W reakcji grupy Adalah stwierdzono: „Skrajne stanowisko rządu Izraela jest bezprecedensowe w skali świata. Jest ono rażącym przykładem łamania prawa międzynarodowego i Karty Narodów Zjednoczonych, która obliguje państwa członkowskie do powstrzymania się od zastraszania, przemocy wobec terytorialnej integralności innych państw, w tym obszarów okupowanych. Skrajne stanowisko rządu Izraela jest w rzeczywistości deklaracją zamiaru dalszej aneksji Zachodniego Brzegu.”

Tłumaczenie: Jola Na podstawie: IMEMC.org Źródło: WolneMedia.net

Weryfikacja informacji

Informacja brzmi jak fałszywa informacja, dlatego zweryfikowałem ją. Informację w 2018 r. podały Agencja Prasowa Ma’an z Palestyny (która specjalizuje się w tłumaczeniu wiadomości z mediów izraelskich na język arabski i angielski, i na swojej stronie pisze, że „przekazuje wiadomości w sposób neutralny”), portal IMEMC (który informuje na swojej stronie, że jest „centrum medialnym tworzonym we współpracy z dziennikarzami palestyńskimi i międzynarodowymi w celu zapewnienia niezależnego przekazu medialnego na temat Izraela i Palestyny” – wiadomość napisał Christopher Carlson) a za nimi portale GlobalResearch.ca z Kanady i IsraelPalestineNews.org ze Stanów Zjednoczonych.

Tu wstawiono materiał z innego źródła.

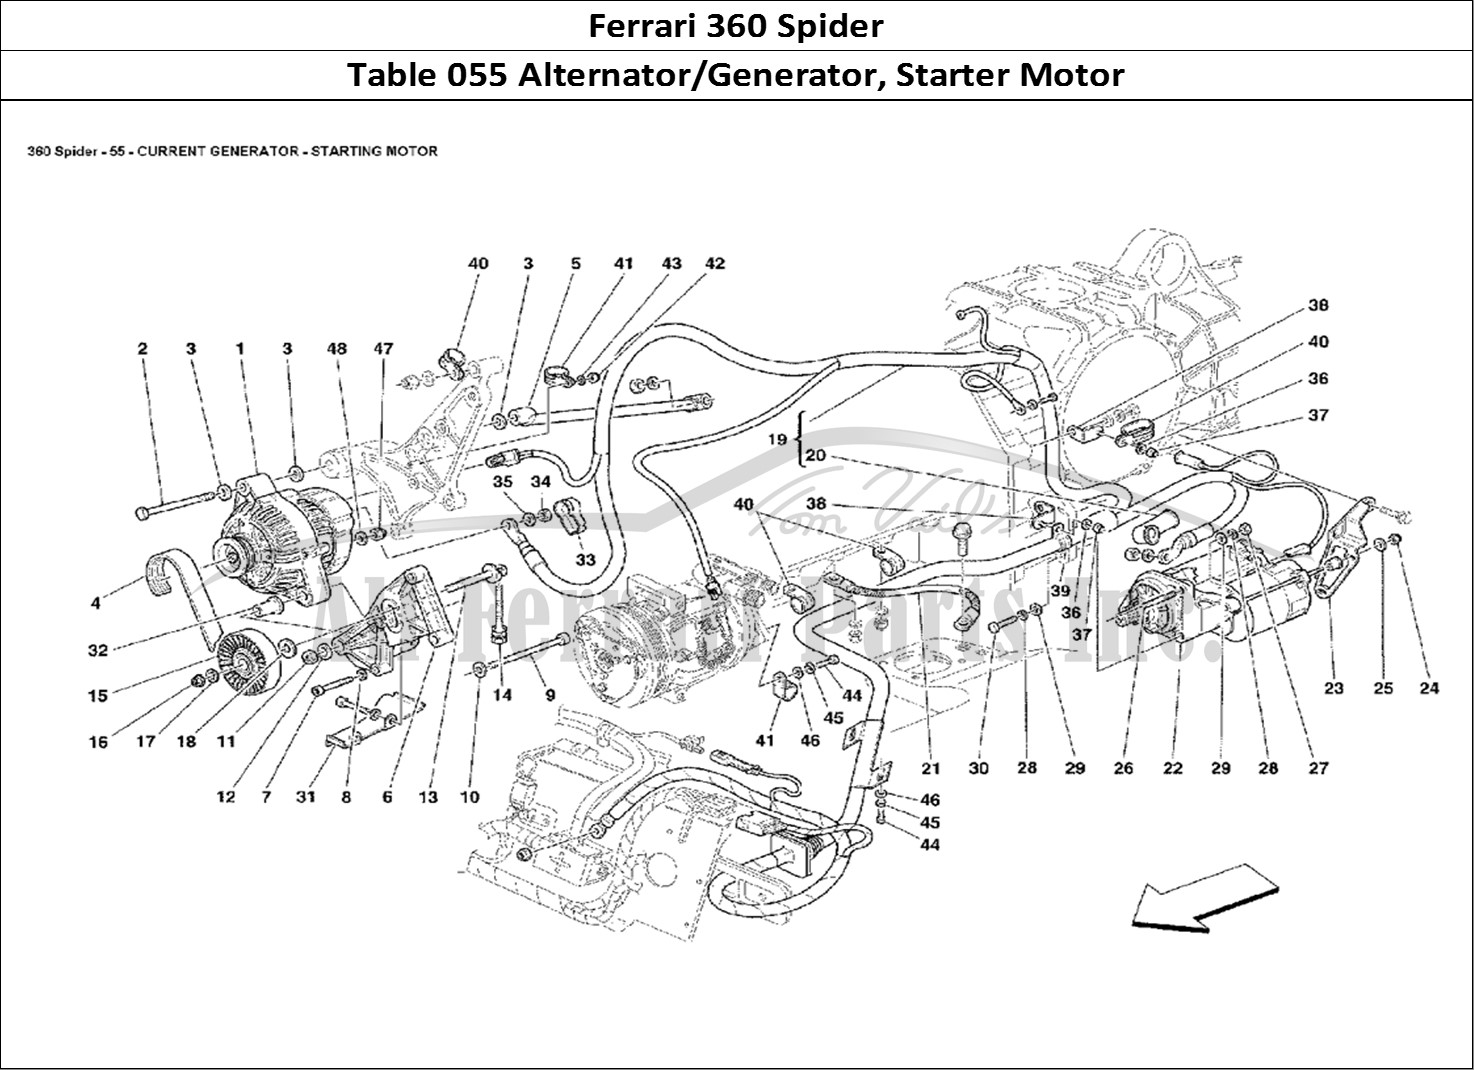 Ferrari Parts Ferrari 360 Spider Page 055 Current Generator - Start

Wygląda na to, że rzeczywiście w Knesecie wypowiedziano takie słowa, ale nie wiadomo na ile była to pyskówka nadętego żydowskiego polityka (puste słowa i potrząsanie szabelką), a na ile ważna deklaracja polityczna ujawniająca mechanizmy władzy (jeśli politykowi niechcący wymsknęło się coś, czego nie powinien mówić). Na pewno słowa odzwierciedlają mentalność, wyobrażenia i dążenia izraelskich polityków. Światowe media mainstreamowe nie podchwyciły tego tematu.